A Haight-Ashbury recycling center that started 36 years ago as a community activism project on an asphalt parking lot in Golden Gate Park can expect a 90-day eviction notice today.
After two hours of public outcry both supporting and opposing the closure of the center next to Kezar Stadium to make way for community-garden plots and a pedestrian plaza, the Recreation and Park Commission unanimously voted in favor of the change Thursday.
The Haight-Ashbury Neighborhood Council Recycling Center has been the subject of years of debate. Neighbors and political officials for nearly a decade have argued that the center is outdated and noisy and does not belong in a park because it attracts homeless people.
However, supporters told commissioners that the center was a convenience since they do not all have their own recycling bins, and that it has taught them how to be “green” through services such as grease drop-offs. Many praised its devotion to the community.

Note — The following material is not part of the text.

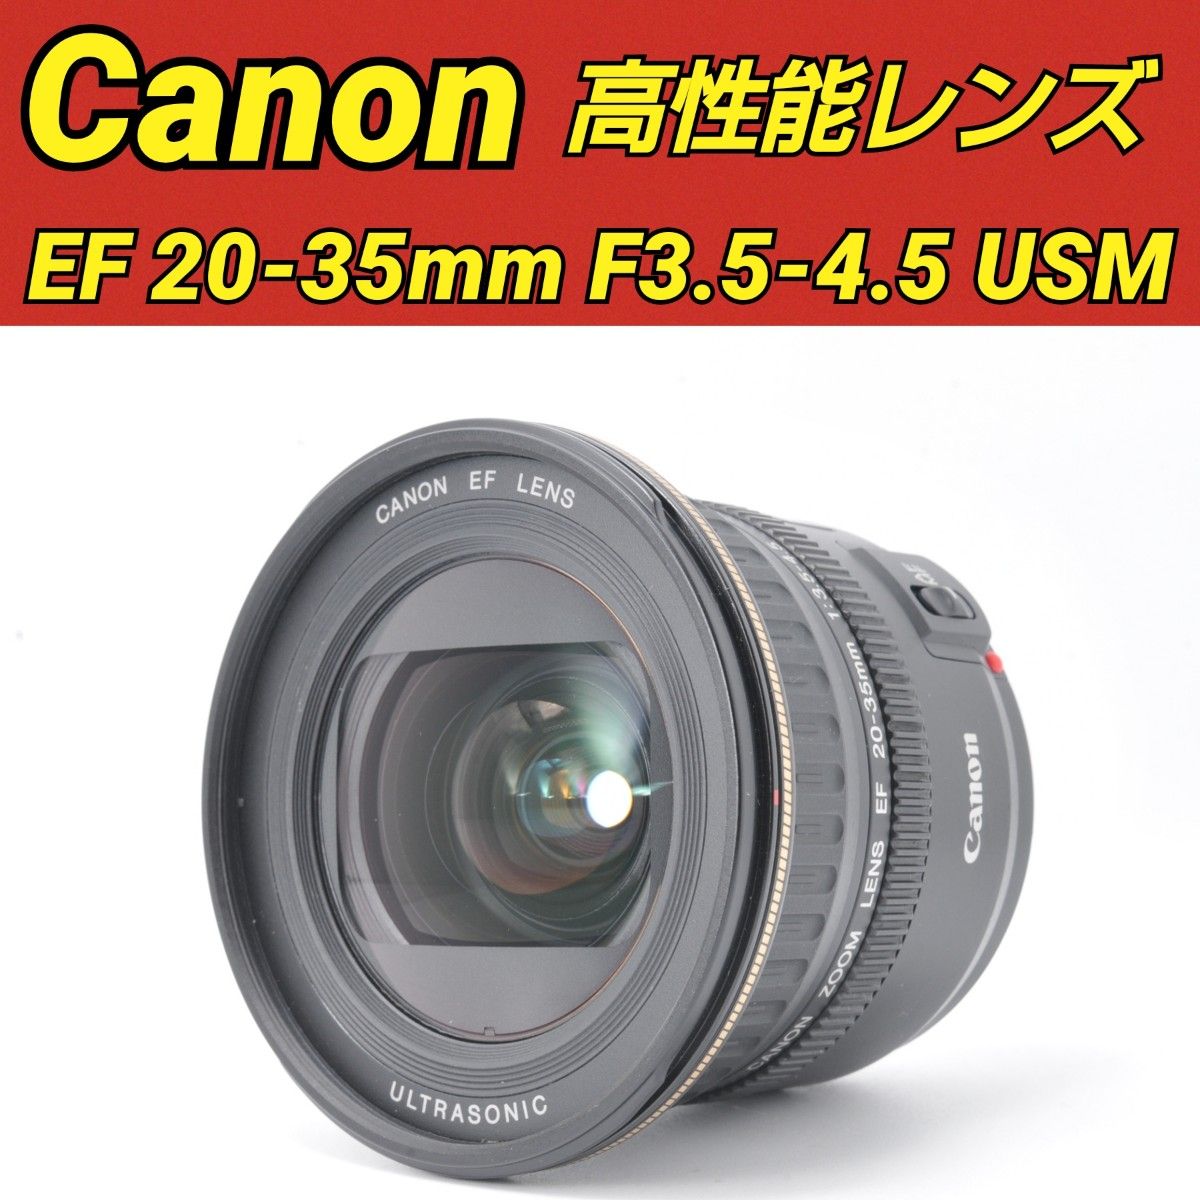 保障できる EF Canon EF CANON f3 EF 20-35mm F3.5-4.5 20-35mm 広角

“It started some time around Earth Day when a bunch of us decided we really needed a recycling center;” said Jim Rhoads, the recycling chair of the Haight Ashbury Neighborhood Council, which runs the nonprofit center. “But now they want to turn the old Kezar parking lot into a soil remediation project.”
Just before the vote, commission President Mark Buell said if the Recreation and Park Department did not take action Thursday, the center, which has run on a month-to-month lease for nearly five years, would continue to serve as a political football.

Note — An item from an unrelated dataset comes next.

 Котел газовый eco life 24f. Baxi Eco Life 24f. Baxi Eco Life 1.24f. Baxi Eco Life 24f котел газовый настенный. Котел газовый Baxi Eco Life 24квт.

“This is a park,” Buell said. “Is [a community garden] the perfect use? I’m not at liberty to say.”
Also, the commission’s decision to accept the community-garden designs and urge park staff to issue the eviction notice will result in 10 people losing their jobs. A representative from Mayor Gavin Newsom’s office said there is no other public space in the vicinity available to the center.
Recreation and Park Department staff said the first phase in the creation of a community garden will be to form an advisory board that will hold at least three public meetings focusing on plans for demolition, soil remediation and gardens.